SEMARANG (hidayatullahjateng.or.id) — Dewan Pimpinan Wilayah (DPW) Hidayatullah Jawa Tengah menggelar Focus Group Discussion (FGD) bertema penggabungan wilayah Jawa Tengah Utara dan Jawa Tengah Selatan, Kamis (20/8/2026), bertempat di Gedung Dakwah Hidayatullah Jawa Tengah.
FGD ini dihadiri oleh Sekretaris Jenderal Dewan Pimpinan Pusat (DPP) Hidayatullah, Dr. Nanang Noerpatria, sebagai narasumber. Kegiatan diikuti Dewan Murabbi Wilayah Jawa Tengah, Dewan Pengurus Wilayah Jawa Tengah, serta para ketua Amal Usaha, Badan Usaha, dan Organisasi Pendukung (Orpen) tingkat wilayah.
Dalam paparannya, Nanang Noerpatria menyampaikan gagasan langkah-langkah strategis penataan kembali organisasi Hidayatullah di Jawa Tengah, yang berfokus pada tiga pilar utama: penguatan sistem organisasi, ekspansi dakwah, dan kemandirian ekonomi lembaga. Penataan ini dilatarbelakangi kebutuhan untuk merapikan struktur dan operasional antara wilayah Jawa Tengah Utara/Pusat dan Jawa Tengah Selatan, sekaligus menciptakan sinergi dan efisiensi dalam pengelolaan wilayah dakwah yang lebih optimal di bawah satu garis komando.

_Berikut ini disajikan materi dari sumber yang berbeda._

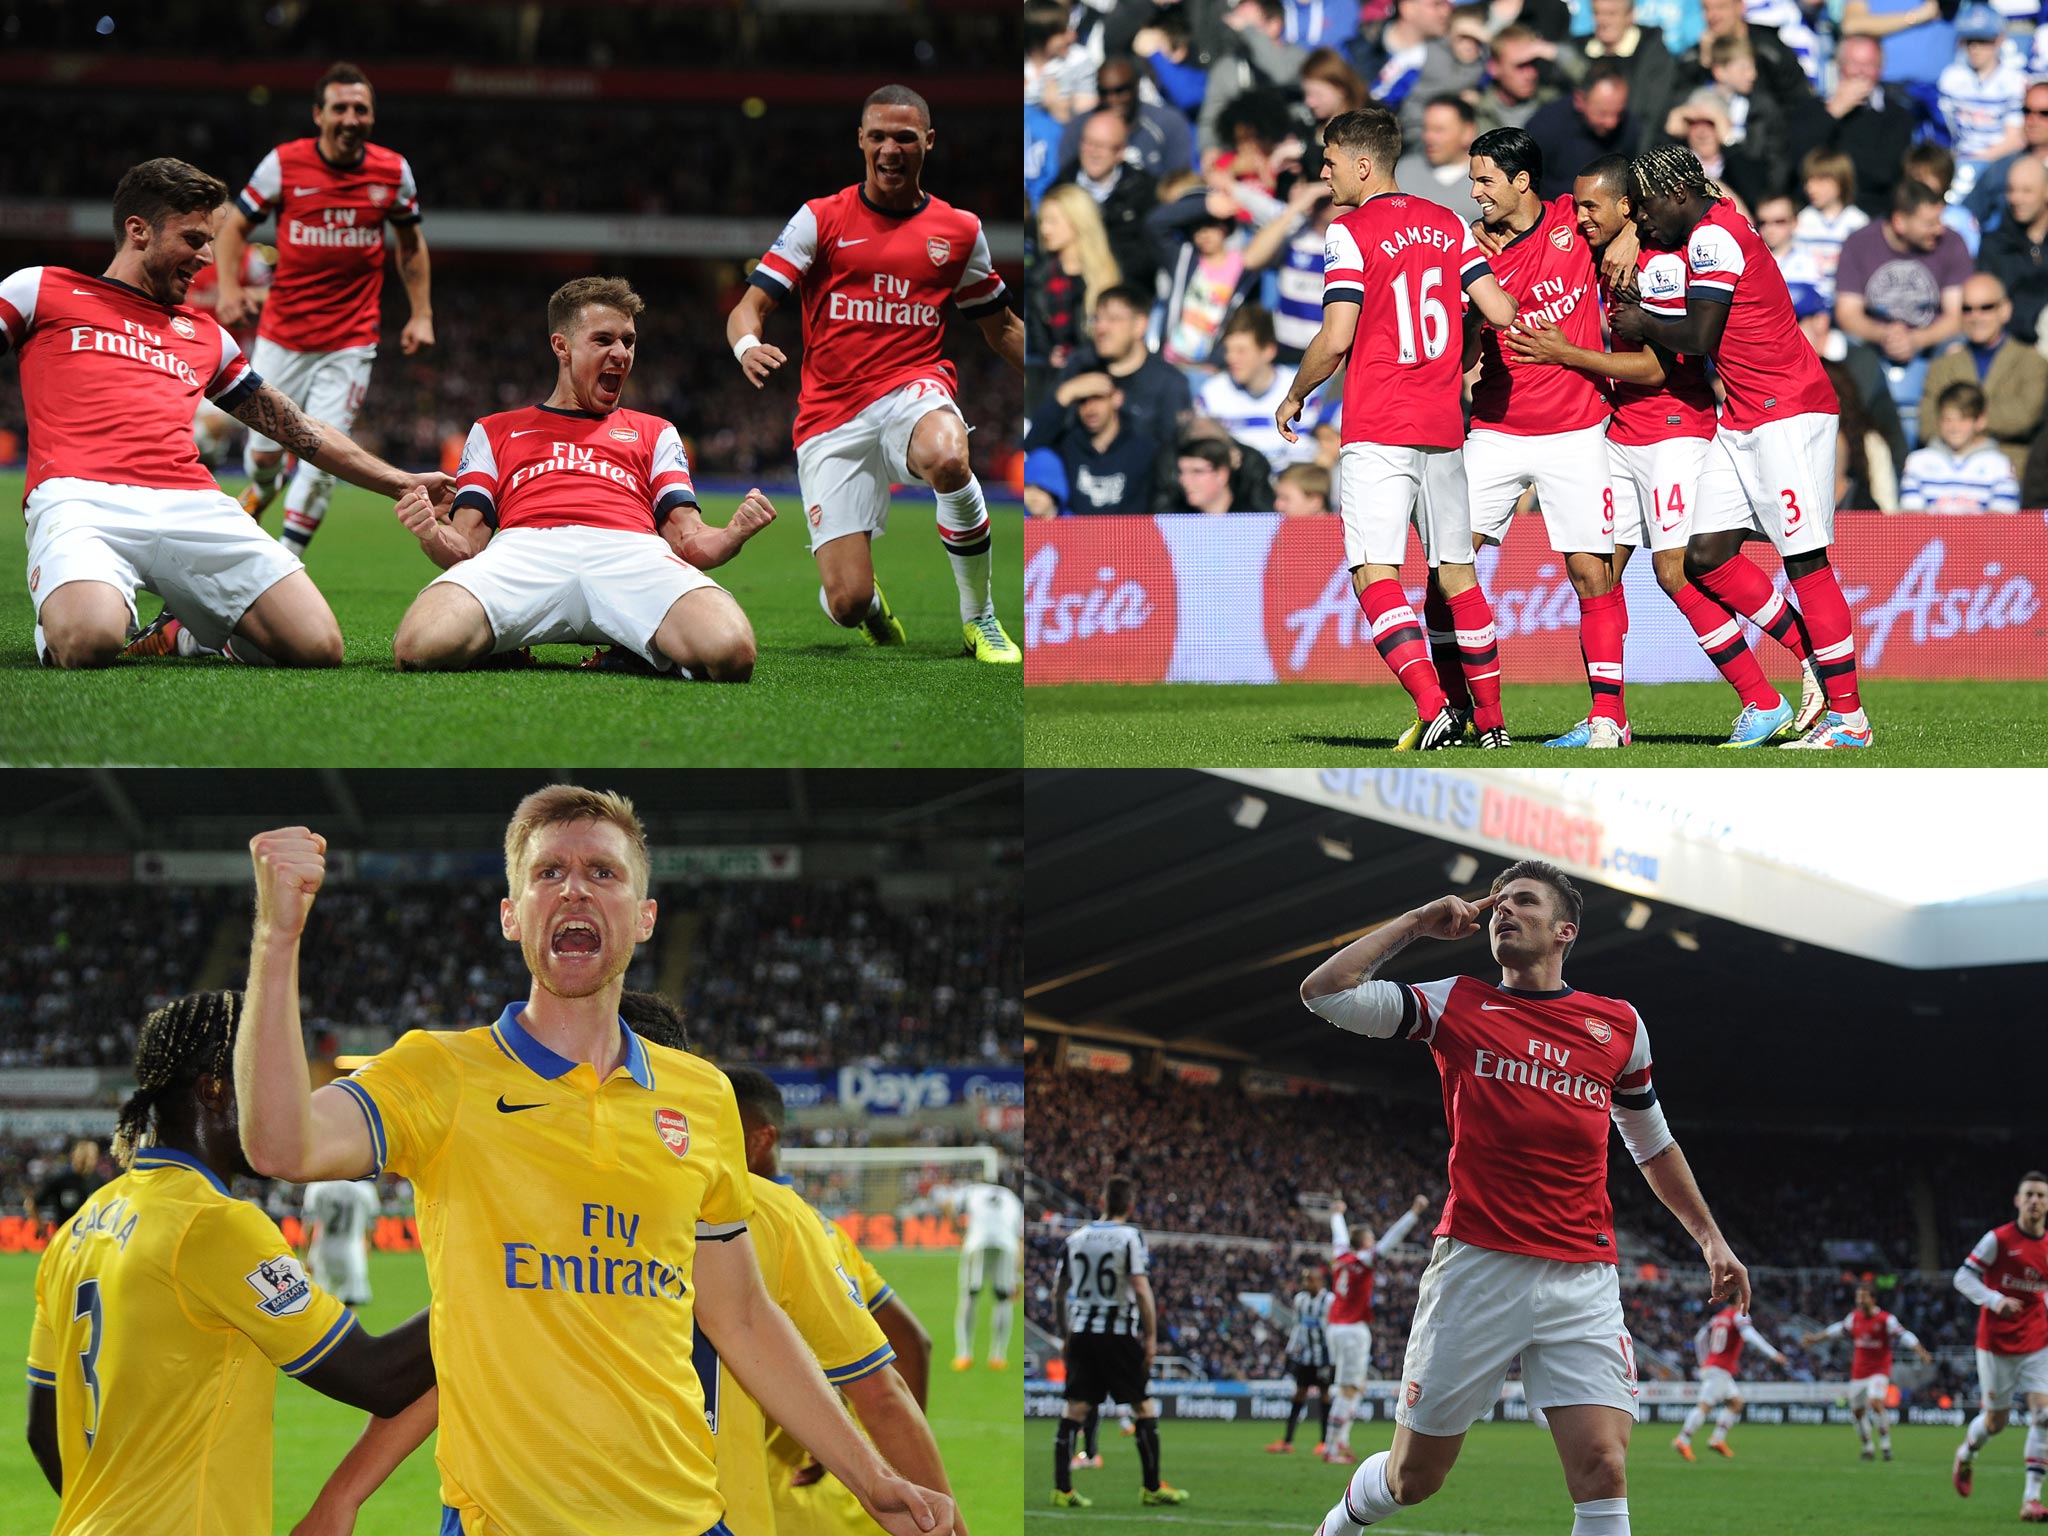 Aaron Ramsey scores in the 2-0 win over Liverpool on November 2 2013, Per Mertesacker celebrates the victory against Swansea on September 28 2013, Theo Walcott scores against QPR on May 4 2013 and Olivier Giroud salutes the away crowd after scoring agains

Salah satu poin yang dipaparkan adalah penguatan tata kelola kesekretariatan dan administrasi di tingkat Dewan Pimpinan Daerah (DPD). Sekretaris DPD diposisikan sebagai pusat komunikasi, pengontrol program, sekaligus pengelola kehumasan strategis di daerah masing-masing. Selain itu, akan dilakukan penertiban tata naskah dinas guna meningkatkan efektivitas dan akuntabilitas, digitalisasi data keanggotaan untuk mempermudah monitoring dan koordinasi, serta standardisasi alur koordinasi dari DPW ke DPD agar operasional organisasi berjalan lebih lancar pasca penggabungan.

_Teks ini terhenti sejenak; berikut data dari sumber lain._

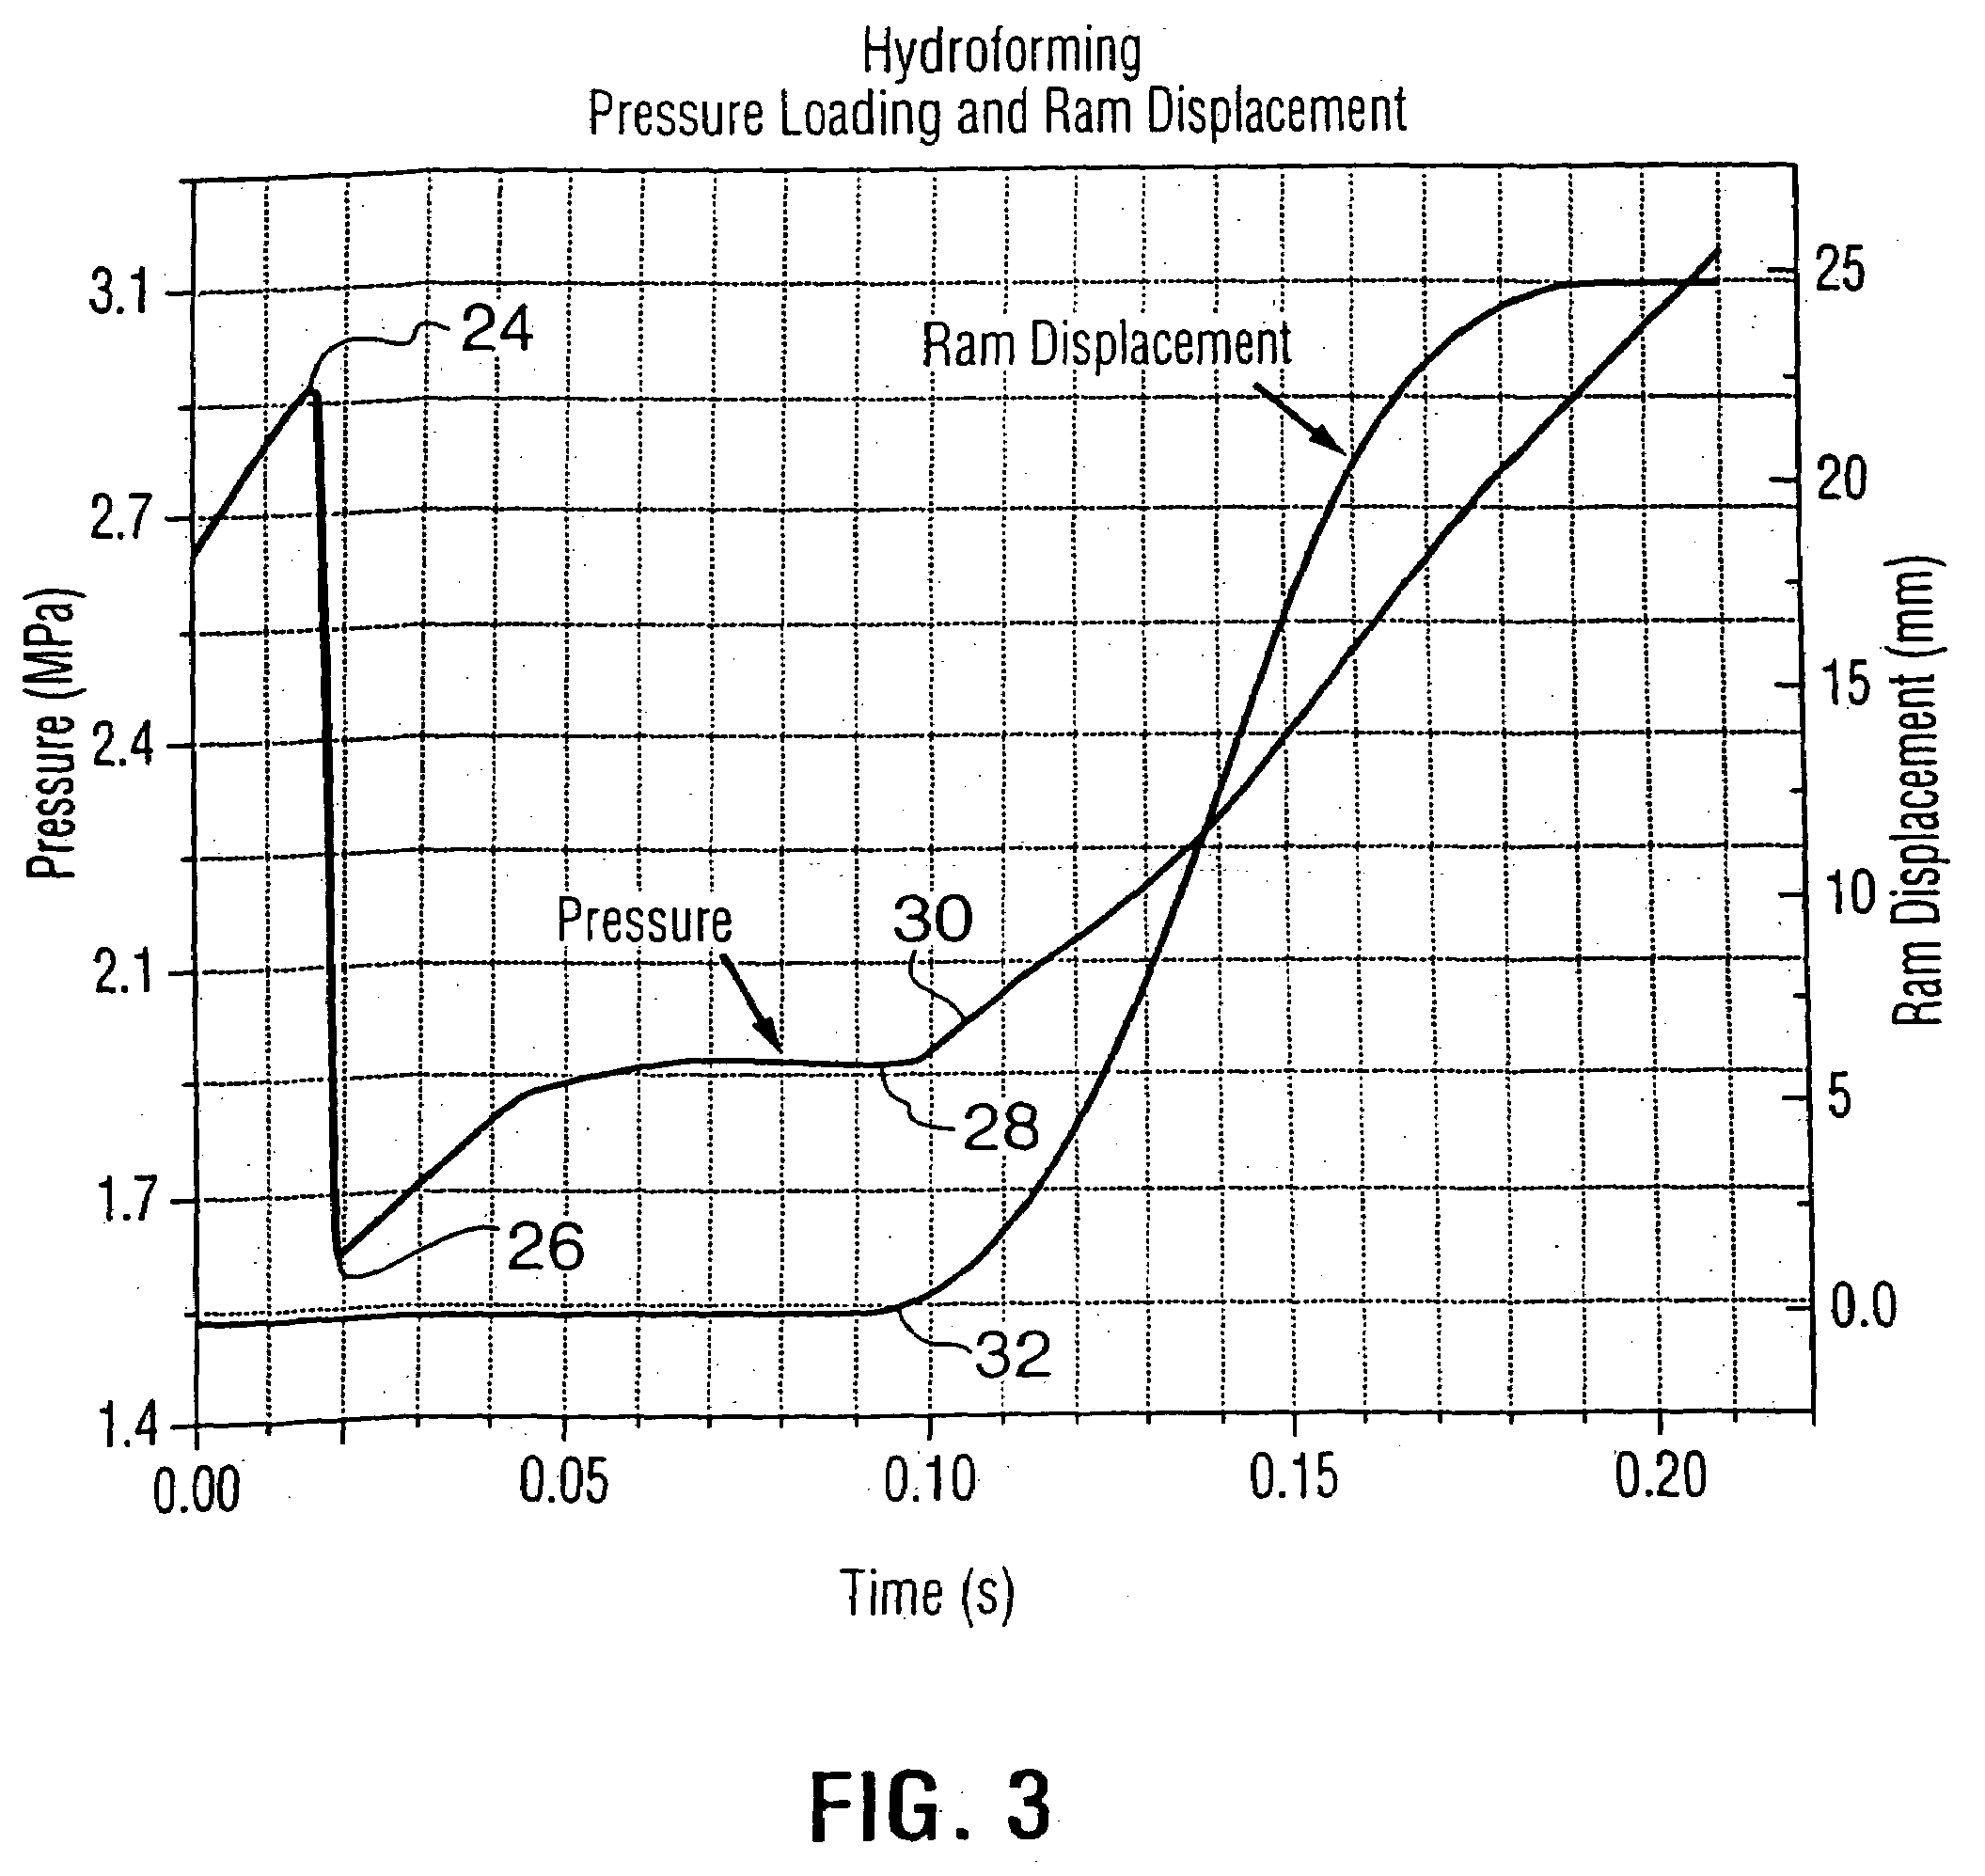 Methods of and apparatus for forming hollow metal articles

Dalam forum tersebut juga ditekankan pentingnya kolaborasi erat antara DPW dengan sejumlah organisasi pendukung dan badan otonom, di antaranya Muslimat Hidayatullah (Mushida), Pemuda Hidayatullah (Pemhida), maupun Gerakan Mahasiswa Hidayatullah (GMH) serta Baitul Maal Hidayatullah (BMH) . Kolaborasi ini diharapkan mampu mengeksekusi program-program strategis secara terpadu dan sinergis pasca penyatuan garis komando, sehingga memberikan dampak yang lebih luas bagi umat.
Di akhir paparannya, Sekjen DPP Hidayatullah menegaskan bahwa langkah penggabungan dan penataan kembali ini disusun secara bertahap, dimulai dari penguatan sinergi dan komitmen bersama, kemandirian ekonomi, ekspansi dakwah, hingga terwujudnya organisasi yang kuat. Ia berharap penyatuan garis komando Jawa Tengah Utara dan Selatan ini dapat menjadi fondasi bagi layanan organisasi yang lebih kokoh serta dakwah yang menjangkau lebih luas dengan dampak berkelanjutan bagi umat.
FGD ini menjadi salah satu tahapan penting dalam proses penggabungan wilayah Jawa Tengah Utara dan Selatan, sekaligus wadah bagi Dewan Murabbi Wilayah, Dewan Pengurus Wilayah, dan pimpinan Amal Usaha-Badan Usaha-Orpen untuk menyamakan pandangan sebelum kebijakan penataan organisasi ini diimplementasikan secara menyeluruh.